Серебряные коньки (илл. А. Иткин) - Додж Мэри Мейп 10 стр.


Карл был и прав и не прав, когда сказал, что Катринка и Рихи бесятся при одной мысли, что крестьянка Гретель будет участвовать в состязаниях. Он слышал, как Рихи однажды заявила, что это «ужасно, постыдно, просто позор!», а эти слова — как по-английски, так и по-голландски — самые сильные выражения, какие вправе употребить возмущенная девочка. Карл видел также, что Катринка при этом кивнула свой хорошенькой головкой, и слышал, как она нежно повторила: «Постыдно, позор!» — подражая Рихи, насколько звон колокольчиков способен подражать голосу, исполненному неподдельного гнева. Этого Карлу было довольно. Ему и в голову не пришло, что, если бы не Рихи, а Хильда первая заговорила о Гретель с Катринкой, «колокольчики» так же охотно и звонко стали бы вторить словам Хильды. Катринка тогда, наверное, сказала бы: «Конечно, пусть участвует вместе с нами» — и умчалась бы прочь, тотчас же позабыв обо всем. Но теперь Катринка с милой горячностью заявила: «Позор, что из-за какой-то гусятницы, никудышной девчонки Гретель, состязания будут испорчены!»

Рихи, богатая и влиятельная (в школьной жизни), имела кроме Катринки других сторонников, которые разделяли ее мнение, так как сами были или слишком беззаботны, или слишком трусливы, чтобы думать самостоятельно.

Бедная маленькая Гретель! Теперь в ее родном доме было очень тяжело и печально. Рафф Бринкер стонал на своей жесткой постели, а его вроу, забыв и простив все, смачивала водой его лоб и губы, плача и молясь о том, чтобы он не умер.
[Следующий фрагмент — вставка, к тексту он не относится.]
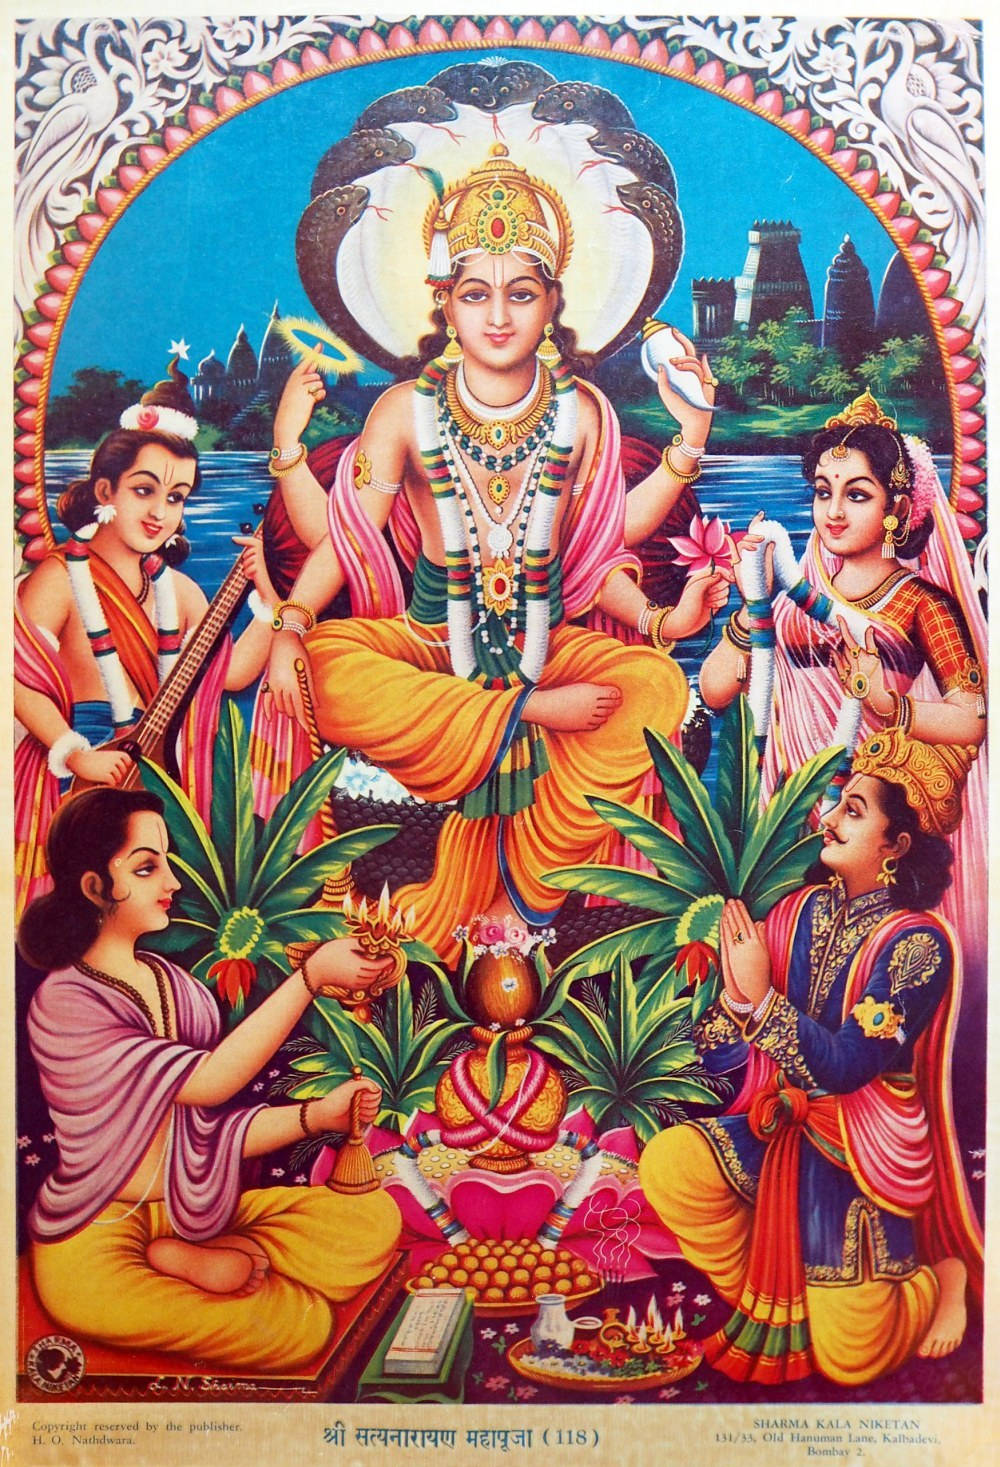 Download Satyanarayana Swamy Near A Body Of Water Wallpaper ...

Ханс, как мы уже знаем, в отчаянии отправился в Лейден отыскивать доктора Букмана и, если удастся, упросить его сейчас же приехать к отцу. Гретель, в каком-то необъяснимом страхе, по мере сил сделала всю работу по дому: вымела неровный кирпичный пол, принесла торфа, развела нежаркий огонь и растопила лед для матери. Сделав все это, она присела на низенький табурет у кровати и стала упрашивать мать вздремнуть хоть ненадолго.

— Ты так утомилась! — шептала она. — Ты всю ночь не сомкнула глаз с того страшного часа. Видишь, я оправила ивовую кровать в углу и положила на нее все, что только нашлось мягкого, чтобы моей маме было удобно спать. Вот твоя кофта. Сними свое красивое платье, я очень аккуратно сложу его и уберу в большой сундук, — ты и заснуть не успеешь, а оно уже будет убрано.

Тетушка Бринкер покачала головой, не отрывая глаз от мужнина лица.

— Я буду дежурить при отце, мама, — умоляла Гретель, — и разбужу тебя, как только он пошевельнется! Ты такая бледная, а глаза у тебя совсем красные… Ну, мама, пожалуйста, ляг!

Но девочка просила тщетно: тетушка Бринкер отказалась покинуть свой пост.

Гретель, расстроенная, молча смотрела на нее и раздумывала о том, очень ли это плохо — любить мать больше, чем отца… Ведь, прижимаясь к матери с горячей любовью, почти с обожанием, она понимала, ясно понимала, что отца она только боится.

«Ханс очень любит папу, — думала она, — а почему я не могу так любить его? Однако я не могла удержаться от слез в тот день, когда месяц назад он схватил нож и порезался так, что из руки у него потекла кровь… И теперь, когда он стонет, как у меня болит душа! Может быть, я все-таки люблю его и я вовсе не такая скверная, злая девчонка, какой себя считаю? Да, я люблю бедного папу… почти как Ханс… Не совсем — ведь Ханс сильнее и не боится его. Ох, неужели он не перестанет стонать?… Бедная мама, какая она терпеливая! Вот уж кто никогда не жалеет, как жалею я, о деньгах, что так непонятно пропали! Если бы отец мог хоть на минутку открыть глаза, посмотреть на нас, как смотрит Ханс, и сказать нам, куда девались мамины гульдены, я ничего другого не желала бы… Нет, желала бы… Я не хочу, чтобы бедный папа умер, чтобы он весь посинел и застыл, как сестренка Анни Боуман… я знаю, что не хочу… я не хочу, чтобы папа умер».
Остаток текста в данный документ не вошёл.